It was here we would meet almost every day to sit out the teeming rains, the winter’s cold, the summer’s intense heat. It was here that we would arrive seeking refuge from the hormonal rages that often sent us running from the slammed doors of our parents' houses.  

It was here that we’d sit out those steaming, almost tropic, days; the little bit of underground coolness tinged with undertones of Love’s Baby Soft and urine. It was here, before us, that we’d stare through the mirage of heat past the houses that were still years away from being torn down and watch all the familiar faces of the neighborhood pass by.

The music of The Who, Yes, or E.L.O. blaring from the radio someone always carried with them as we set out for the Japanese Gardens at Prentice Hall, the cliffs of the Palisades, McFadden’s Pond, or the quarry.

The Lunch Box, its door propped open and fans whirring, secreting the fragrance of hamburgers, grilled cheese sandwiches and French fries; the idling motors of delivery trucks unloading bags of ice into Bobanell’s dual freezers that sat in the two-car parking lot; Holy Trinity’s church bells ringing at noon calling all the faithful to mid-day mass; Danny Wright’s fire boots slapping against the pavement to the beat of the siren as he ran from his house on Sixth Street through the Yellow Building parking lot to Firehouse No. 2 to catch the truck before it rolled.  

Summer evenings were when neighborhoods came alive. As adults gathered their lawn chairs in a neighbor’s yard sipping whiskey sours and gin and tonics, the children would chase each other down side streets and through backyards, while the teenagers would just drift unnoticeably away to attend to the congregation of their friends.

Summer nights were when we clutched our freedom and clasped our hands, hearts violently pounding, and ran as fast as we could across the Palisade Interstate Parkway to our spot on the edge of cliffs where we let our bare feet dangle over the rising tide below as bottles of beer passed from hand to hand.

Memories of those nights sepia tinted by the descending sun as it sliced the oncoming darkness with a kaleidoscope of colors that turned everything golden, if just for one powerful moment. Promising each other that no matter where life took us, this time, this place, would always be our home.  
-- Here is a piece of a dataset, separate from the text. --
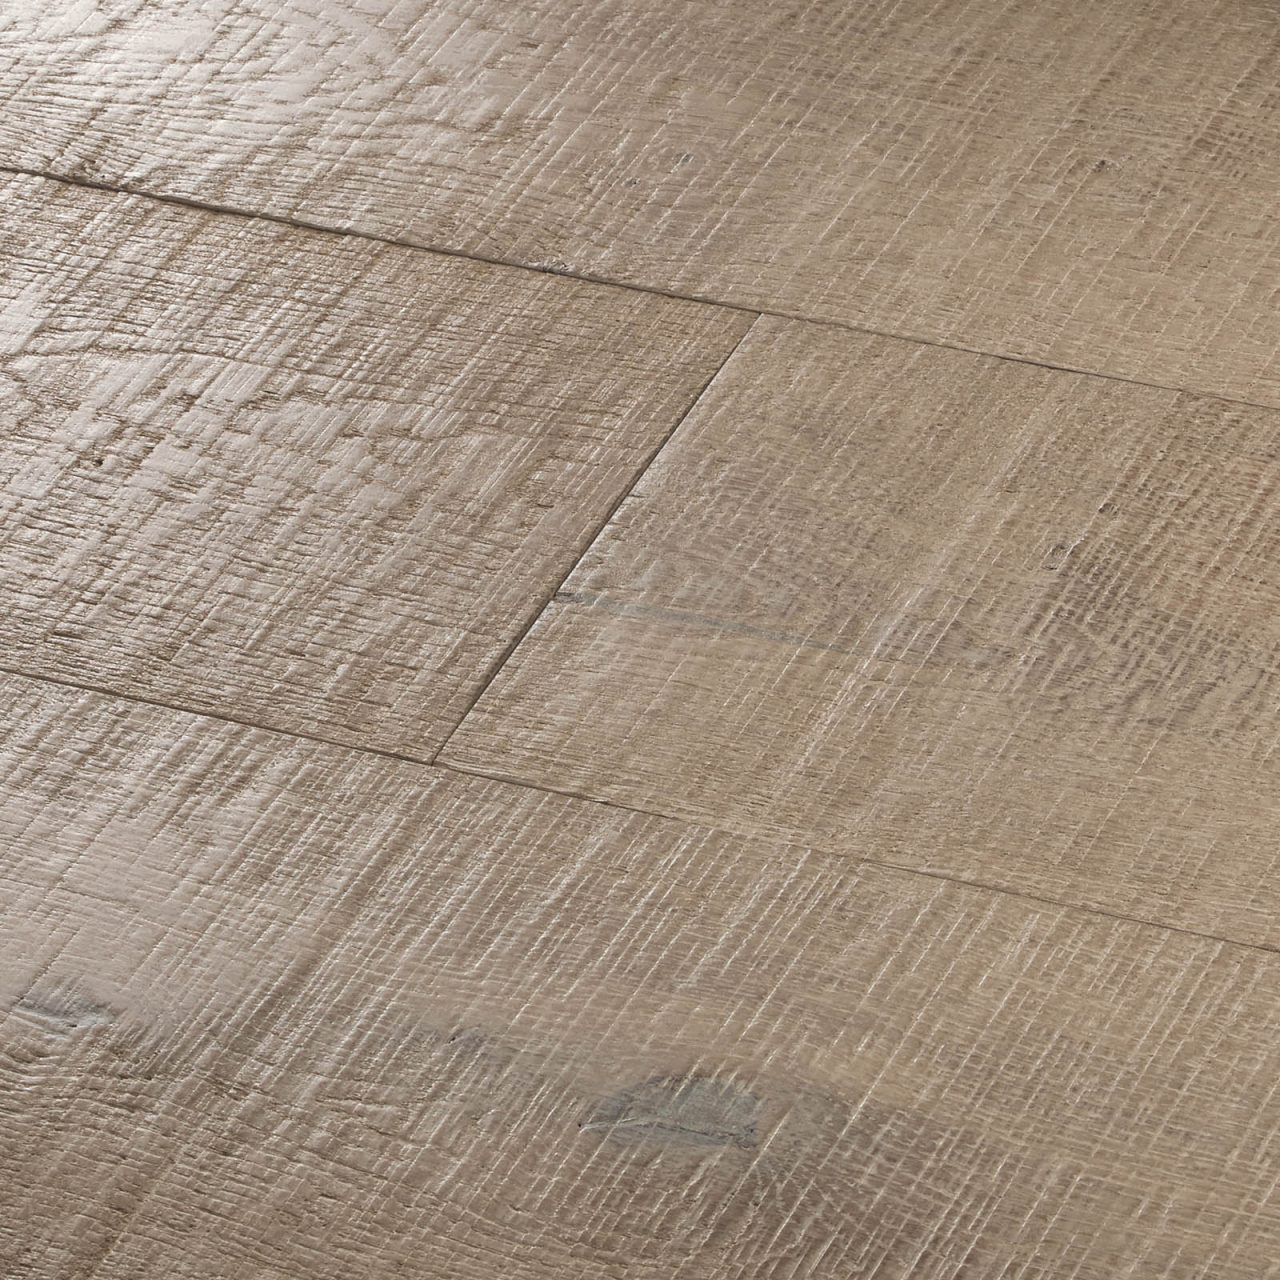 Woodpecker Flooring Engineered Oak chepstow sawn grey

To hear those voices again; to sit with those friends by the edge of the river as Manhattan taunted us with her outstretched arms; to know, as I do now, that even the dullest moment spent together was truly extraordinary: Suzanne Fallon, Mary Lutz, Wally Whitmer, Michael Stengel, John Stengel, Chip Zwernemann, Eddie Stalter, Scott and Steven Albericci, Jerry Getsos, Paul Bannon, Michael Dropps, and Taki who, one summer night long, long ago, never made it home from across the Palisade Interstate Parkway.

For all of us in Fort Lee, it doesn’t matter where we hung out; it doesn’t matter who we hung out with. It isn’t what we saw or what we did that stands out, although we all have memorable moments. It’s how we saw the world and the fact that everything of significance that we did, we did together with people destined to see us safely through those days—that’s what matters.

Never once did we consider that one day it would all be gone; that we’d go on to lesser friendships in foreign places.

And yet, at the same time that we were clinging to our short-lived past, we were also looking forward--clinging to futures we’d never recognize now.  

All the while taking for granted that the familiar landscape of our neighborhood would always be there to come home to; unaware that in 20 years, new buildings would rise and centuries-old trees would fall rendering our little piece of the world nearly unrecognizable.

Except for here, in the middle of cyberspace on the page of “I Grew Up In Fort Lee” where with the stroke of a key we can all come home again to our familiar neighborhoods. Where what was lost is found, where those who are dead still live, and where memory convinces us that we still have more tomorrows before us than behind us.